School in Taipei City, Taiwan

Dominican International School (私立道明外僑學校), formerly Dominican School, is a private Catholic international school, located in Dazhi, Zhongshan District, Taipei City, Taiwan. The Sisters of the Congregation of the Religious Missionaries of St. Dominic own and manage the school.

The school is open to all foreign students. Dominican International School educates students from Kindergarten to Grade 12, including Advanced Placement.

==History==

=== Founding ===
In the latter part of 1956, permission from the Mother General of the Sisters was obtained to start a school that offered Catholic instruction to American dependents. The first school was organized for Pre-Kindergarten, Kindergarten and Grades 1 and 2 at a small rented house on Chang'an East Road.

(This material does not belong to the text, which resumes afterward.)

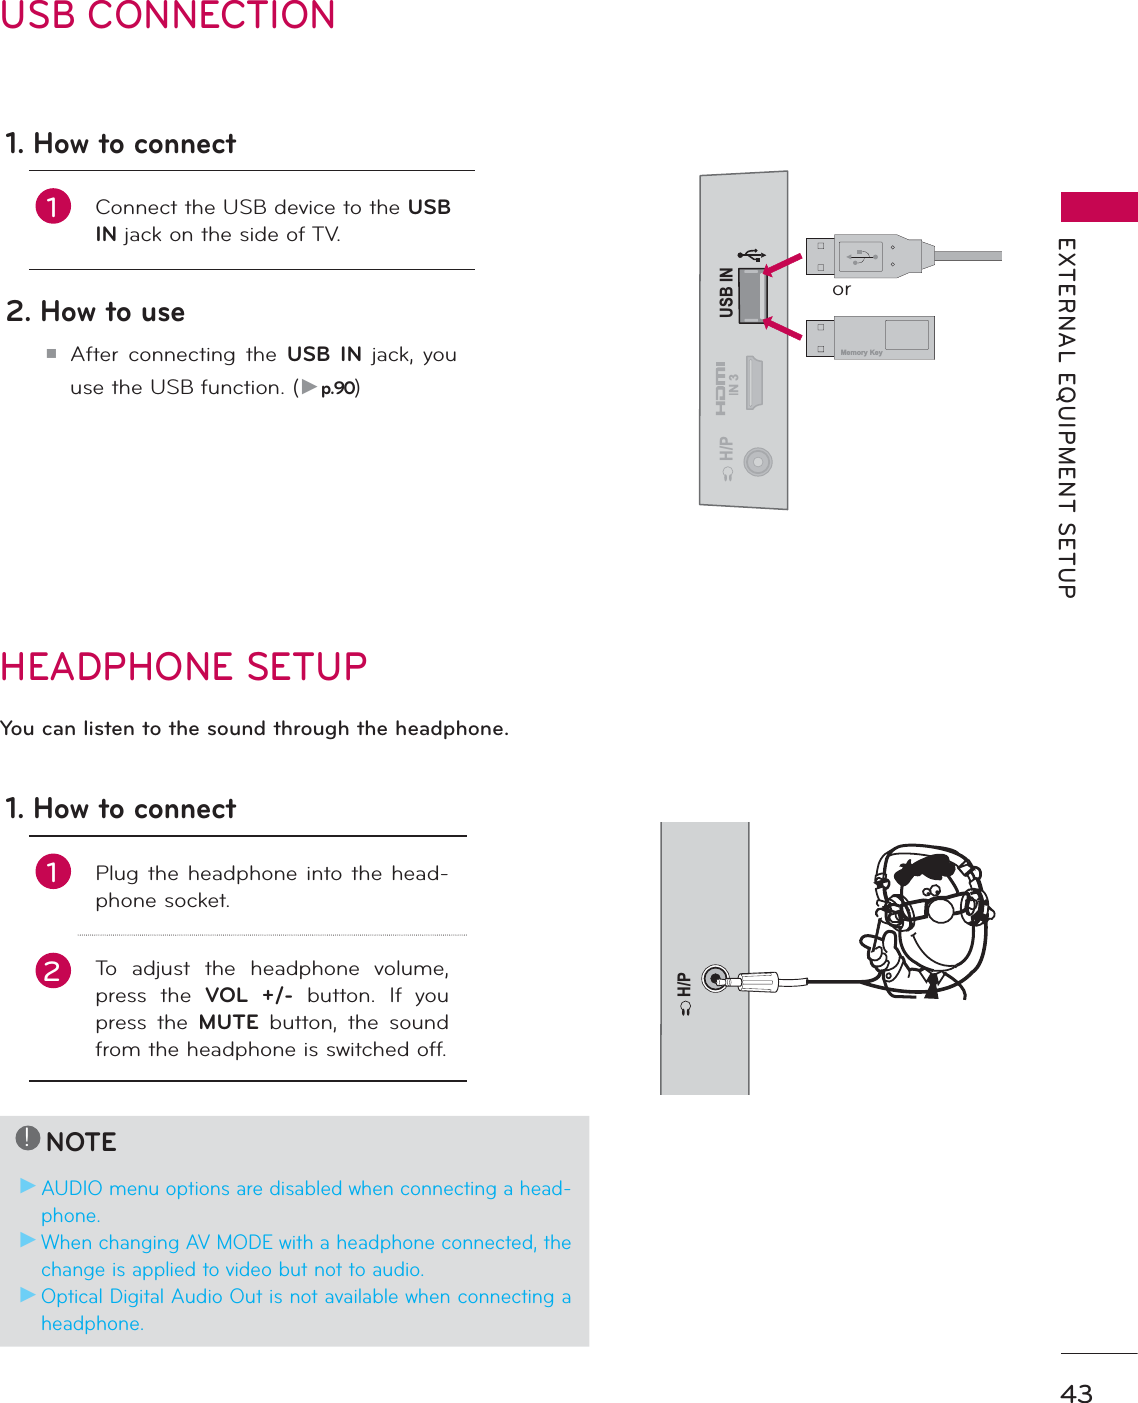 43EXTERNAL EQUIPMENT SETUPUSB CONNECTIONUSB ININ 3H/PMemory Keyor1. How to connect1Connect the USB device to the USBIN jack on the side of TV. 2. How to use᫶After connecting the USB IN jack, you use the USB function. (Źp.90)HEADPHONE SETUP H/PYou can listen to the sound through the headphone.1. How to connect1Plug the headphone into the head-phone socket.2To adjust the headphone volume, press the VOL +/- button. If you press the MUTE button, the sound from the headphone is switched off.!NOTEŹAUDIO menu options are disabled when connecting a head-phone.ŹWhen changing AV MODE with a headphone connected, the change is applied to video but not to audio.ŹOptical Digital Audio Out is not available when connecting a headphone.
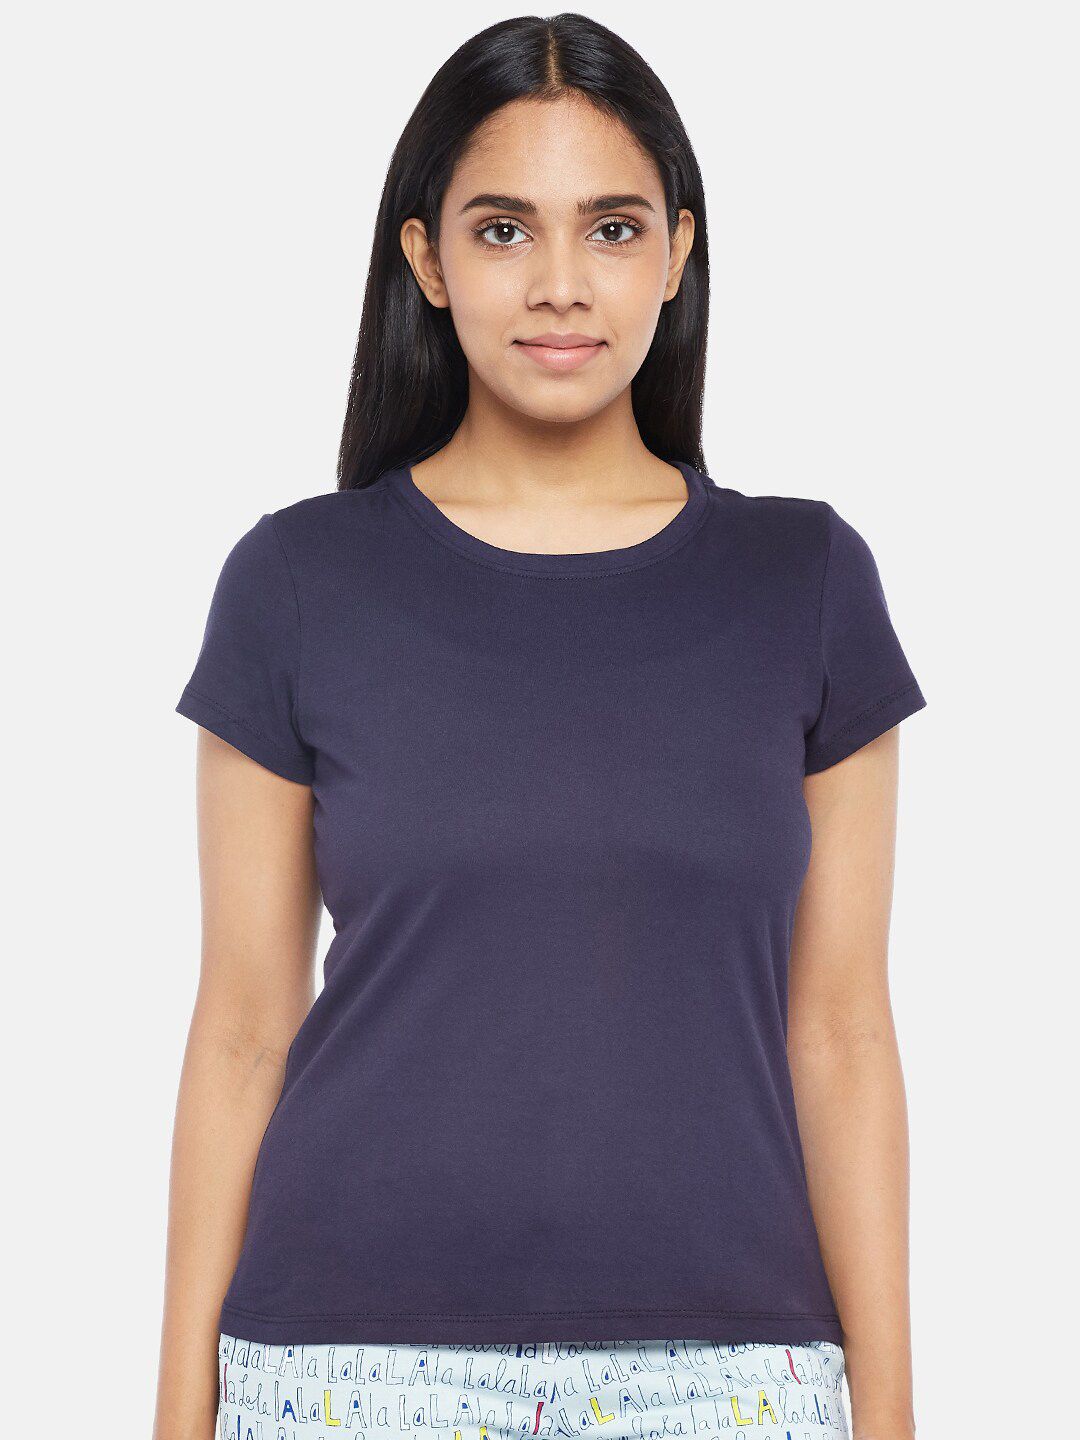 Dreamz by Pantaloons Navy Blue Solid Regular Pure Cotton Lounge T-shirt Price in India

In January 1957, the school was blessed by Anthony Riberi, D.D., Apostolic Internuncio, to China. Three Filipino Sisters started to teach the 16 enrolled children. Enrollment increased, and by June 1957, there were 76 students, and two additional Filipino Sisters had joined the faculty.

In the following school year, a larger house was rented on Liung Chung Street. In August 1958, a team of American Superintendents of Schools from Washington D.C. arrived. They examined the school and designated Dominican School as a U.S. Government contract school: a D.O.D. school. Grade 3 was added to the existing grades.

In 1959, a larger building was rented. Three more grades were added and more Sisters arrived from the Philippines. The first PTA was organized with volunteer officers. A vacant site was purchased for the erection of school buildings, including strips of land for granting access to the property. This remains the location of Dominican International School. Before materials could be brought in for the construction of the building, the access roads had to be completed.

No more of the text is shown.